Another way: for each set $y$ let $X_y=X\times\{y\}$, and let $\preceq_y=\Big\{\big\langle \langle x,y\rangle,\langle z,y\rangle\big\rangle:x,z\in X\text{ and }x\preceq_Yz\Big\}\;;$ then $\langle X_y,\preceq_y\rangle$ is isomorphic to $\langle X,\preceq_X\rangle$, and if $y\ne y'$ then $X_y\ne X_{y'}$. Thus, $y\mapsto\langle X_y,\preceq_y\rangle$ is a bijection between the universe of sets and a subcollection of the collection of partial orders isomorphic to $\langle X,\preceq_Y\rangle$, which therefore cannot be a set.

3

A somewhat informal argument, making use of Just and Weese's "architect's view of set theory" is as follows.

Suppose that the collection of all posets isomorphic to $\langle X , \preceq_X \rangle$ were a set, and write this set as $\mathcal{X} = \{ \langle X_i , \preceq_i \rangle : i \in I \}$, where $I$ is some index set. For each $i \in I$ choose an order-isomorphism $f_i : \langle X , \preceq_X \rangle \to \langle X_i , \preceq_i \rangle$.

By $Y$ denote the set $ \{ \langle f_i (x) \rangle_{i \in I} : x \in X \} = \{ \langle x_i \rangle_{i \in I} \in \textstyle{\prod_{i \in I}} X_i : ( \exists x \in X ) ( \forall i \in I ) ( x_i = f_i(x) ) \} .$ We may define a relation $\preceq$ on $Y$ by $\langle f_i (x) \rangle_{i \in I} \preceq \langle f_i (y) \rangle_{i \in I}$ iff $x \leq y$. It is easy to see that $\langle Y , \preceq \rangle$ is order-isomorphic to $\langle X , \leq \rangle$, and therefore $\langle Y , \preceq \rangle \in \mathcal{X}$, i.e., $\langle Y , \preceq \rangle = \langle X_j , \preceq_j \rangle$ for some $j \in I$.

Given any $\langle x_i \rangle_{i \in I} \in Y$ it must be that each $x_i$ was constructed strictly before $\langle x_i \rangle_{i \in I}$, in particular $x_j \in X_j = Y$ was constructed strictly before $\langle x_i \rangle_{i \in I}$. But $x_j = \langle x^{(1)}_i \rangle_{i \in I}$, and so each of these components were constructed strictly before $x_j$; in particular $x^{(1)}_j \in X_j = Y$. etc. etc. ad infinitum.

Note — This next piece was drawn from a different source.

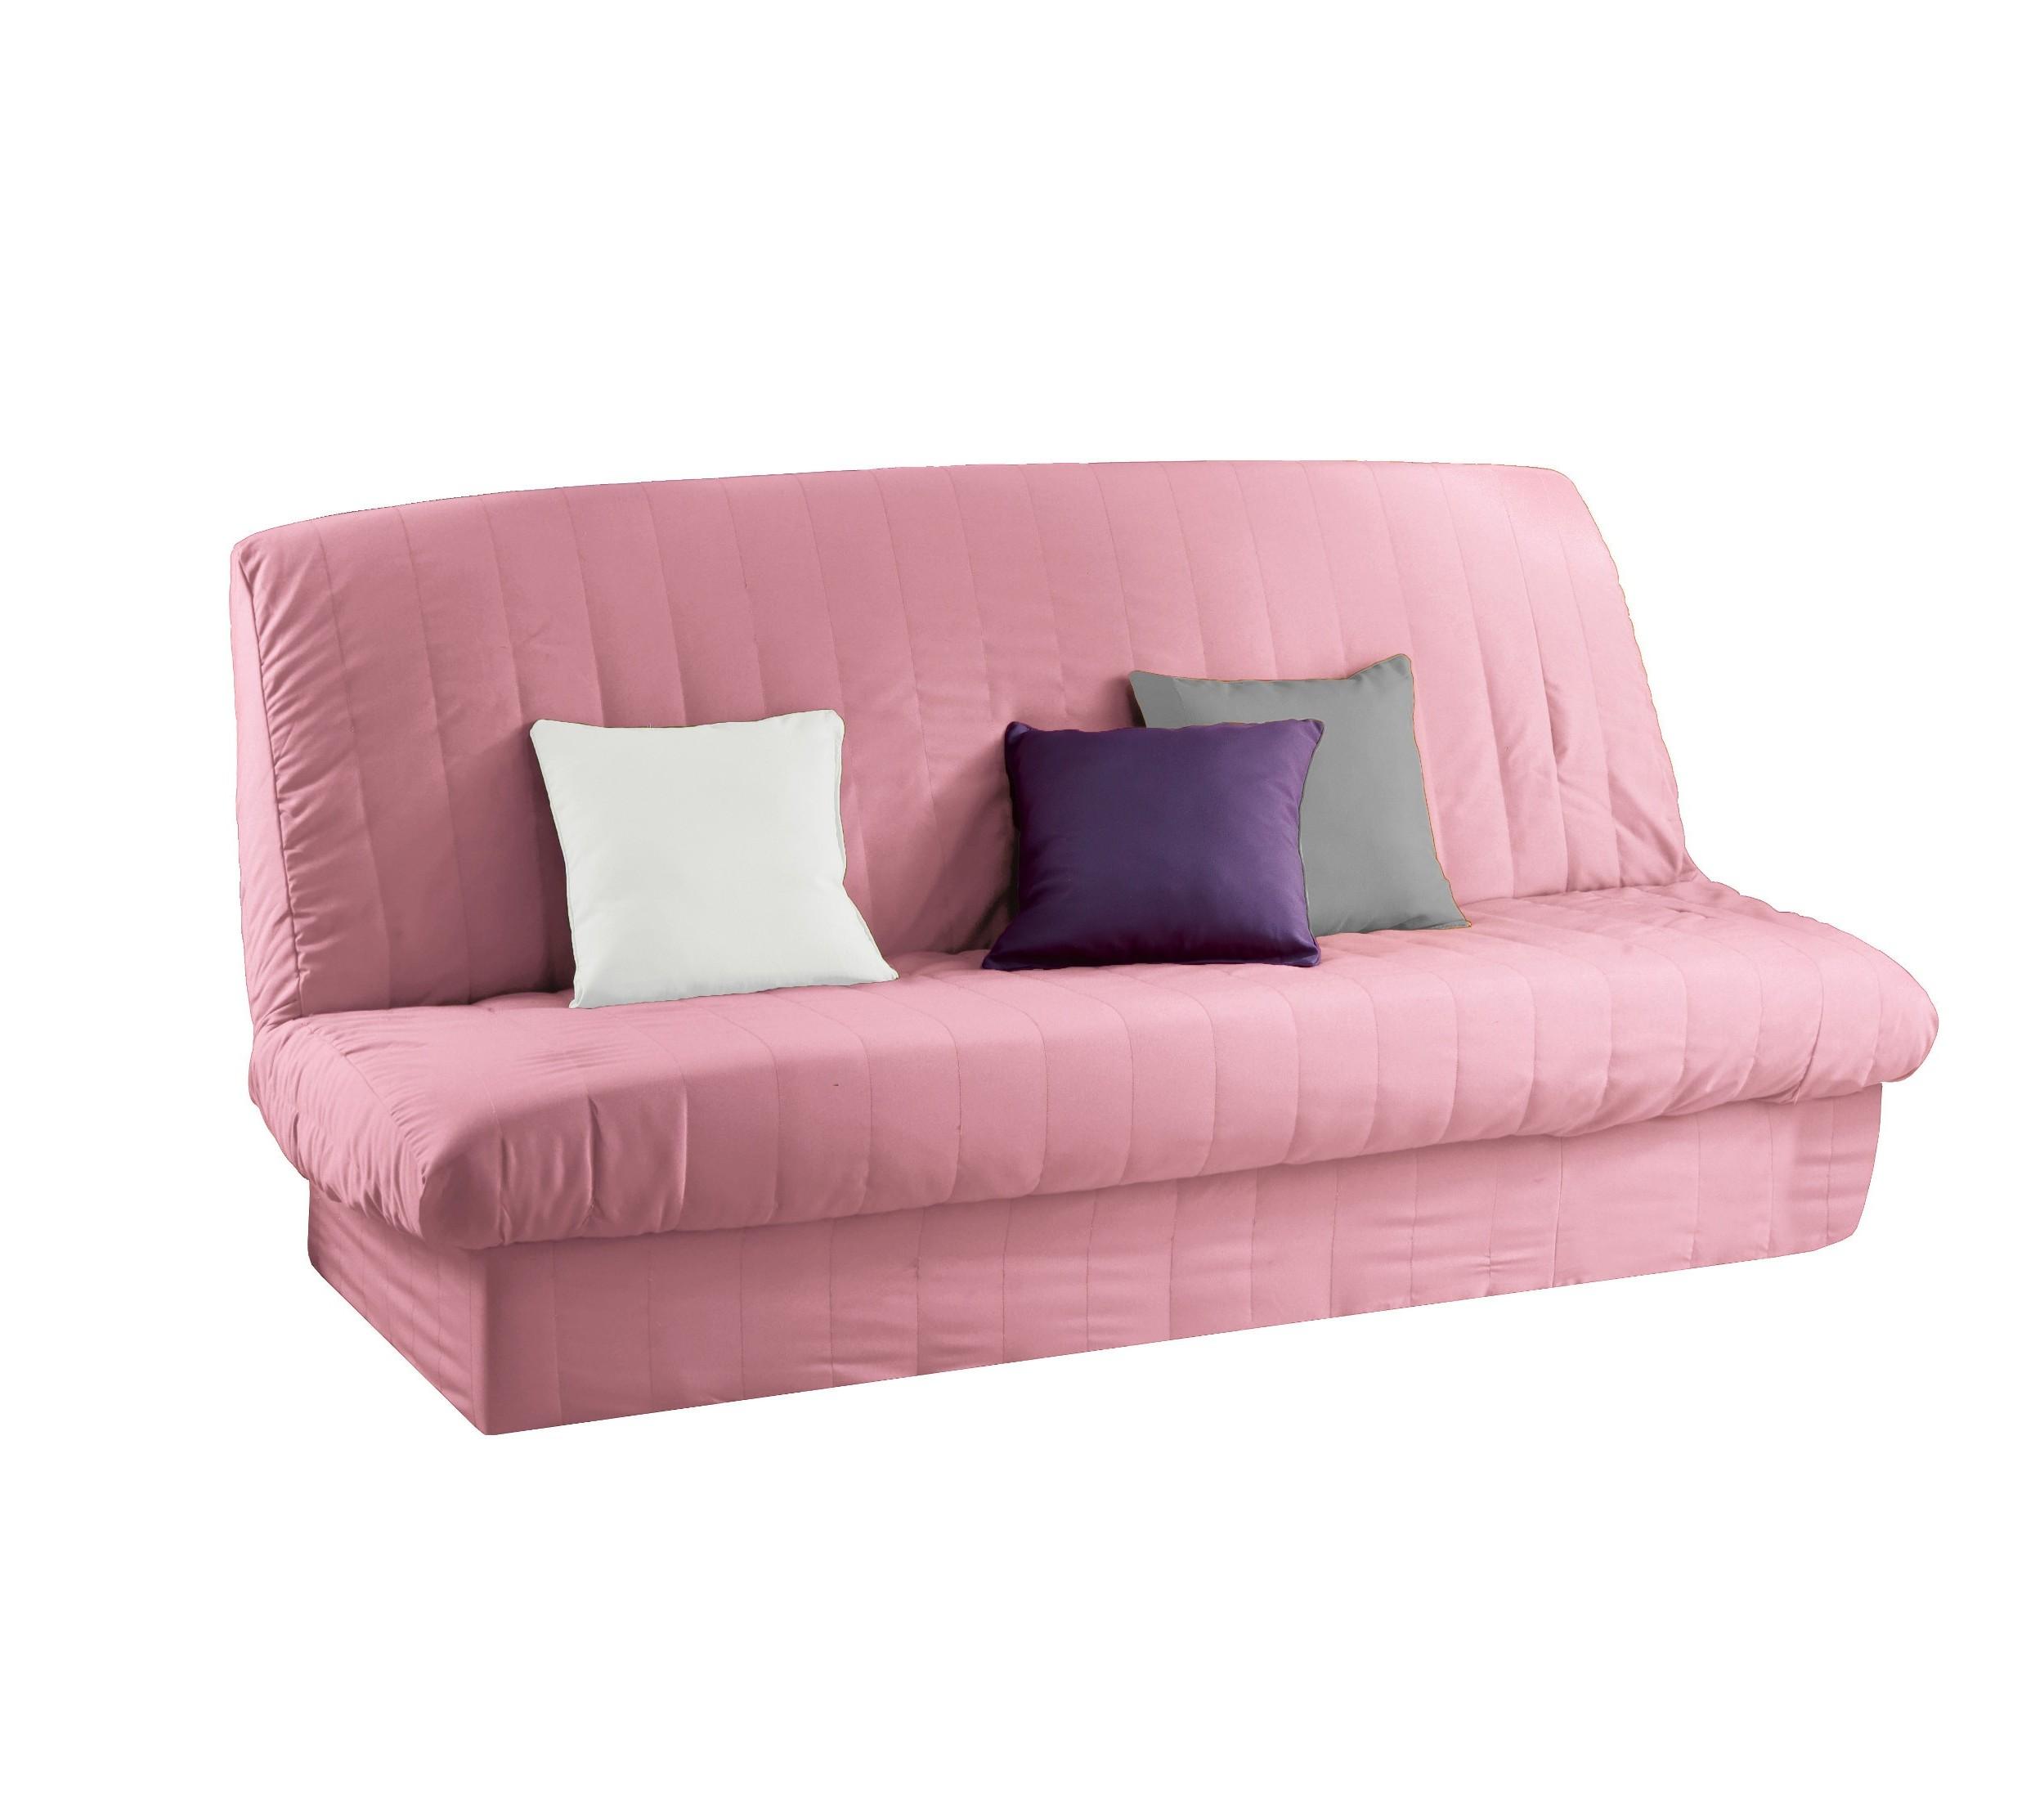 clic clac argenteuil matelas 18cm espace du sommeil. Black Bedroom Furniture Sets. Home Design Ideas

We then have an infinite sequence of objects/sets, $\langle x_i \rangle_{i \in I} = x^{(0)} , x^{(0)}_j = x^{(1)}, x^{(1)}_j = x^{(2)} , \ldots$ and for each $n$ the object/set $x^{(n+1)}$ must be constructed strictly before $x^{(n)}$. But this means that at no point were any of the $x^{(n)}$ ready to be constructed!

1

Here is yet another approach.

Let us show that if $(X,\leq)$ is a non-empty partially ordered set then there is a proper class of orders $(P,\preceq)$ which can be embedded into $(X,\leq)$.

Note that a singleton makes a partially ordered set $(\{\bullet\},=)$. Since $X$ is non-empty fix some $x\in X$, and let $f(\bullet)=x$ be a function from $\{\bullet\}$ into $X$. Trivially this is an order embedding.

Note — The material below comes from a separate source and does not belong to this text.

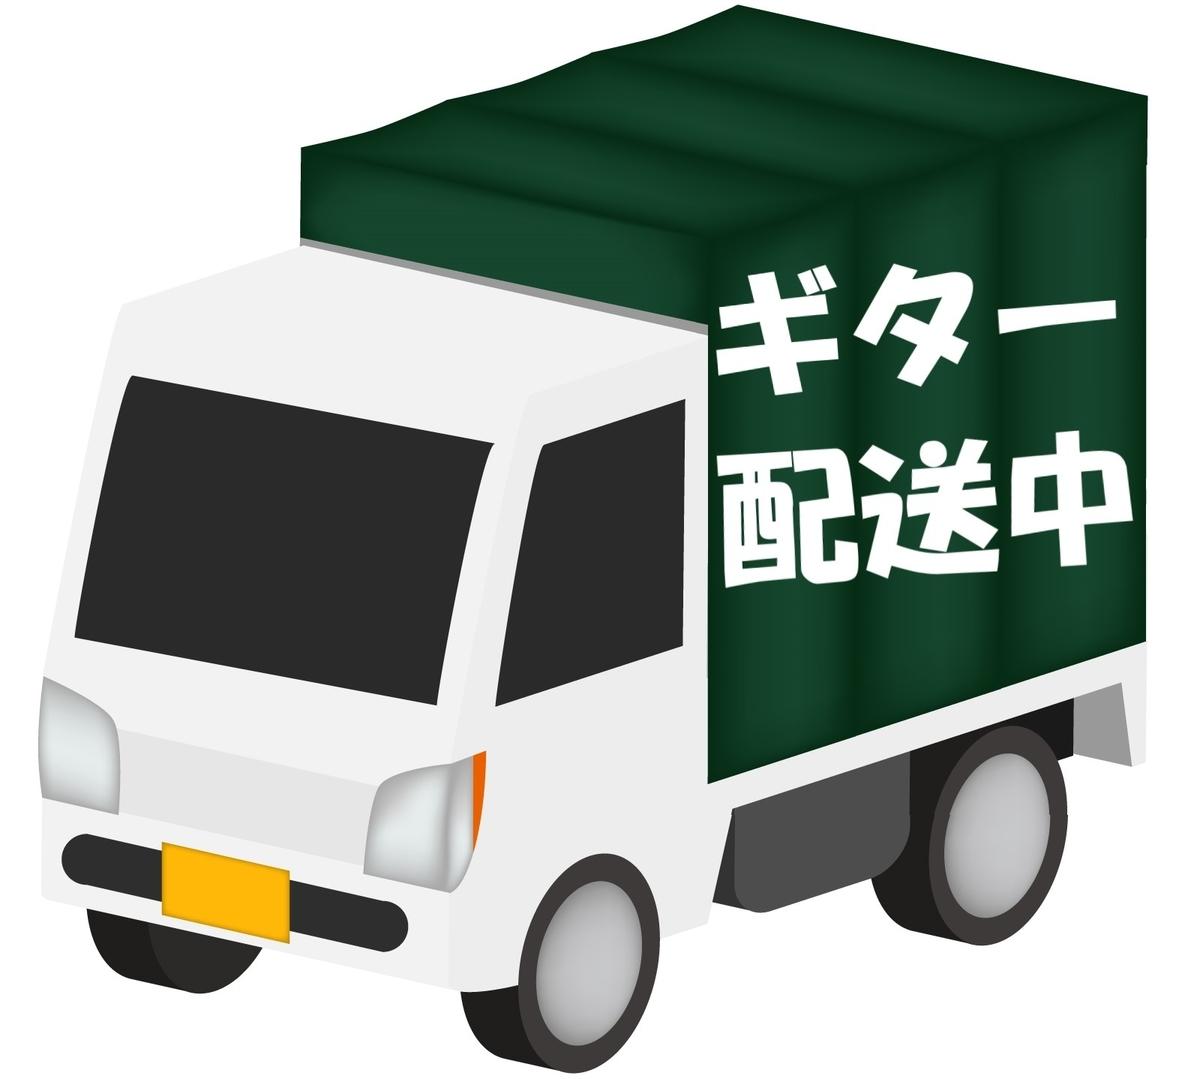 ギター配送中の軽トラック

Now all that is left is to verify that there is a proper class of singletons. That, of course, is immediate from the fact that the collection of all sets is not a set.

If, on the other hand, one wishes to show that there are only set-many equivalence classes of posets which can be embedded into $(X,\leq)$ then one can show that every such equivalence class has a representative which is a subset of $X$, and we can bound everything within a couple of iterations of the power set construction.